The present invention relates generally to the field of atomic force microscopy, and more particularly to simulating an interaction of a magnetic recording medium and transducing heads at a constant fly-height.
Atomic-force microscopy (AFM) or scanning-force microscopy (SFM) is a very-high-resolution type of scanning probe microscopy (SPM), with demonstrated resolution on the order of fractions of a nanometer, more than 1000 times better than the optical diffraction limit. Scanning probe microscopy (SPM) forms images of surfaces at the atomic level using a physical probe that scans a sample. The AFM has three major abilities: force measurement, imaging, and manipulation. For imaging, an image of the topography (i.e., three-dimensional shape) of a sample surface at a high resolution forms, based on the reaction of the probe to the forces that the sample imposes on the probe. In manipulation, the forces between the probe and sample can also be used to change the properties of the sample in a controlled way (e.g., atomic manipulation, scanning probe lithography, local stimulation of cells, etc.). Simultaneous with the acquisition of topographical images, other properties (e.g., mechanical properties, electrical properties, etc.) of the sample can be measured locally and displayed as an image, often with similarly high resolution.

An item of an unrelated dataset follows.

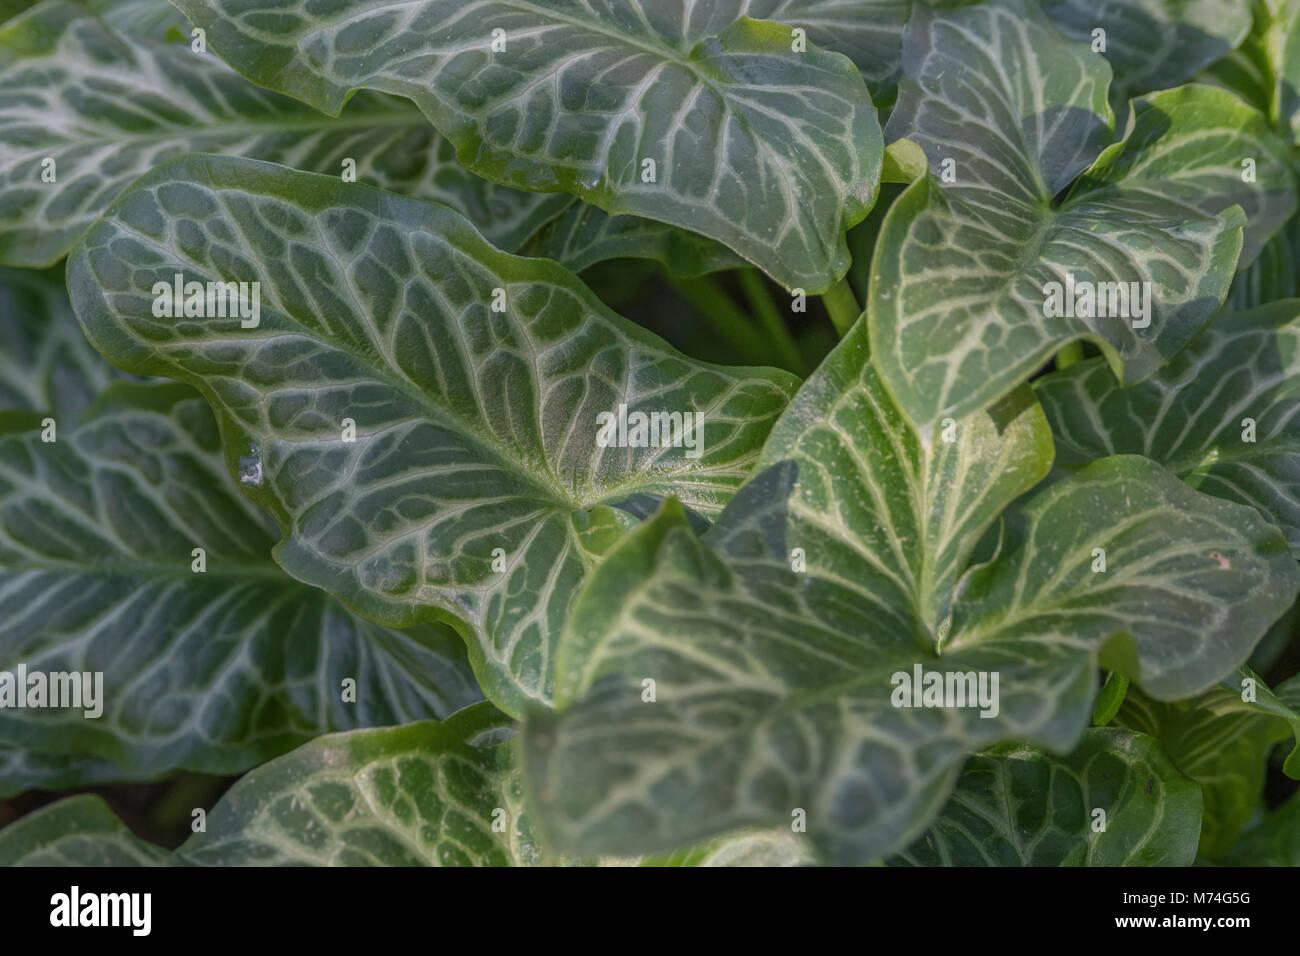 Variegated Leaves Foliage Of Arum Italicum Italian Lords And

A read/write head (e.g., tape head) is a type of transducer used in conjunction with a magnetic medium for storage of information through the conversion of electrical signals to magnetic fluctuations and retrieval through an opposite conversion. The read/write head is separated from the magnetic medium by a distance known as a flying height (e.g., floating height, or head gap). The read/write head consists of a core of magnetic material arranged in a toroid and a narrow gap filled with a diametric material. When a magnetic flux is forced out through the narrow gap of the read write head into the magnetic medium, the magnetic flux magnetizes the magnetic medium.